What should the nurse do first when a client with a head injury begins to have clear drainage from his nose?
- A. Compress the nares.
- B. Tilt the head back.
- C. Give the client tissues to collect the fluid.
- D. Administer an antihistamine for postnasal drip.
Correct Answer: C
Rationale: Clear drainage from the nose after a head injury may indicate cerebrospinal fluid (CSF) leakage, a serious condition. The priority is to collect the fluid for analysis to confirm CSF and avoid infection, making providing tissues the first action. Compressing the nares or tilting the head back could increase intracranial pressure or contaminate the fluid, and an antihistamine is inappropriate without confirming the cause.
You may also like to solve these questions
The nurse is conducting a postoperative assessment of a client on the first day after renal surgery. Which of the following findings would be most important for the nurse to report to the physician?
- A. Temperature, 99.8°F (37.7°C).
- B. Urine output, 20 mL/hour.
- C. Absence of bowel sounds.
- D. A 2€ x 2€ area of serosanguineous drainage on the flank dressing.
Correct Answer: B
Rationale: Urine output of 20 mL/hour is critically low, indicating potential renal compromise or obstruction, requiring immediate physician notification.

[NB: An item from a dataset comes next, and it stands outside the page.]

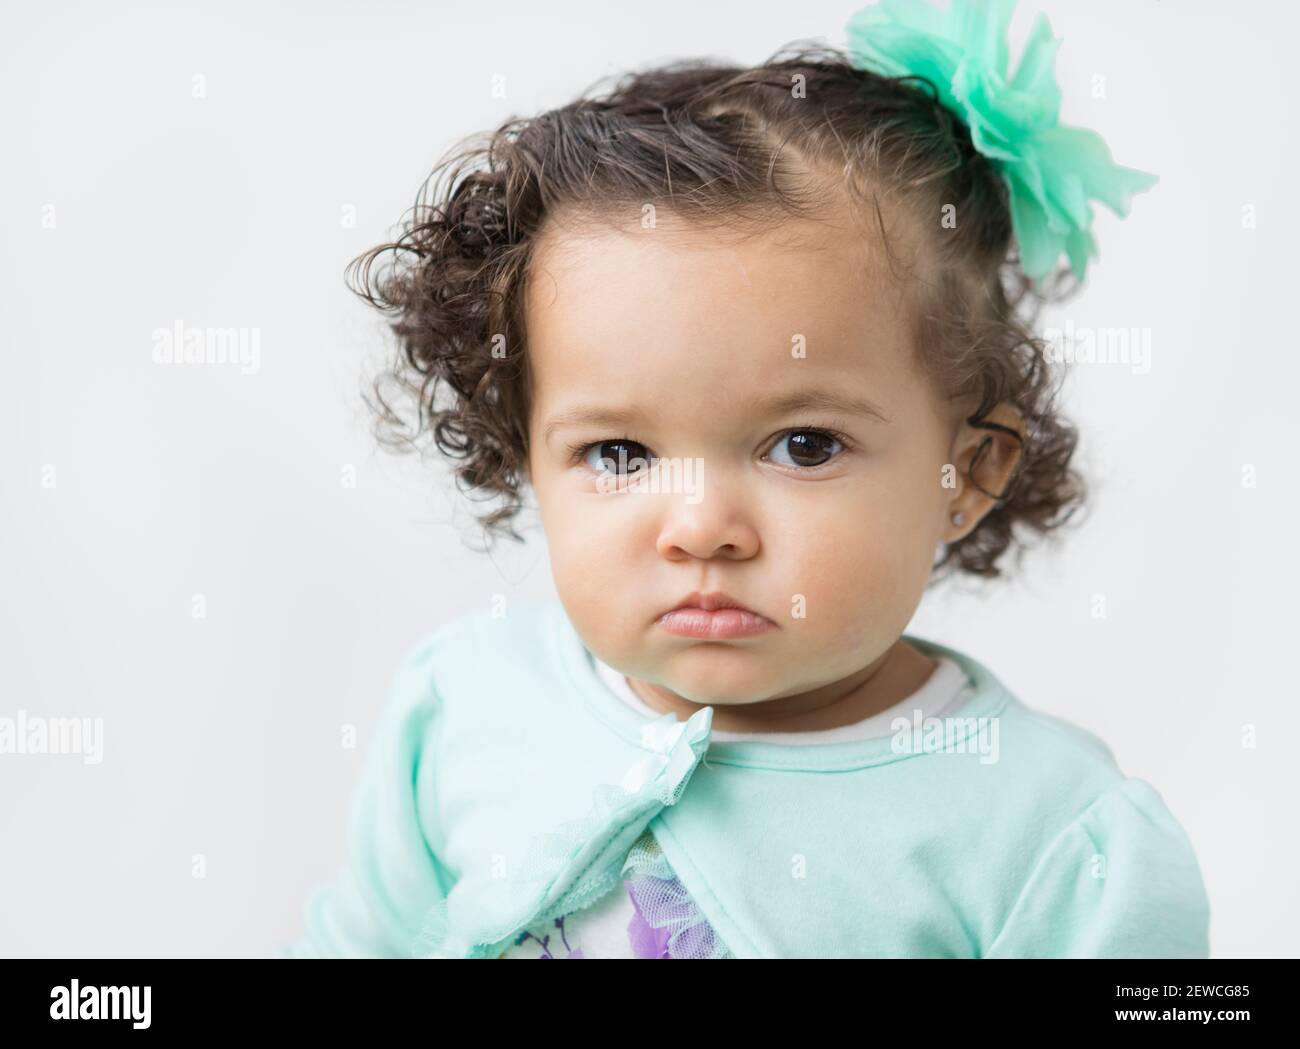 A little girl with a serious, pouting facial expression. Stock Photo

A client receives fibrinolytic therapy upon admission following a myocardial infarction. He is now receiving an I.V. infusion of heparin sodium at 1,200 units/hour. The dilution is 25,000 units/500 mL. How many milliliters per hour will this client receive?
Correct Answer: 24 mL/hour
Rationale: To calculate: (1,200 units/hour ÷ 25,000 units) × 500 mL = 24 mL/hour. This is a calculation question, not multiple-choice, so no choices or correct answer letter is provided.
A client has a leg immobilized in traction. Which of the following activities demonstrated by the client indicate that the client understands actions to take to prevent muscle atrophy?
- A. The client adducts the affected leg every 2 hours.
- B. The client rolls the affected leg away from the body's midline twice per day.
- C. The client performs isometric exercises to the affected extremity three times per day.
- D. The client asks the nurse to add a 5-lb weight to the traction for 30 minutes/day.
Correct Answer: C
Rationale: Isometric exercises maintain muscle strength without moving the immobilized leg.
A nurse is helping a suspected choking victim. The nurse should perform the Heimlich maneuver when the victim:
- A. Starts to become cyanotic.
- B. Cannot speak due to airway obstruction.
- C. Can make only minimal vocal noises.
- D. Is coughing vigorously.
Correct Answer: B
Rationale: Inability to speak indicates a complete airway obstruction, necessitating the Heimlich maneuver to dislodge the blockage.
A client with neutropenia is at risk for sepsis. Which of the following is the earliest sign the nurse should monitor for?
- A. Hypotension.
- B. Tachycardia.
- C. Oliguria.
- D. Confusion.
Correct Answer: B
Rationale: Tachycardia is often the earliest sign of sepsis, reflecting the body's response to infection, and requires prompt monitoring in a neutropenic client.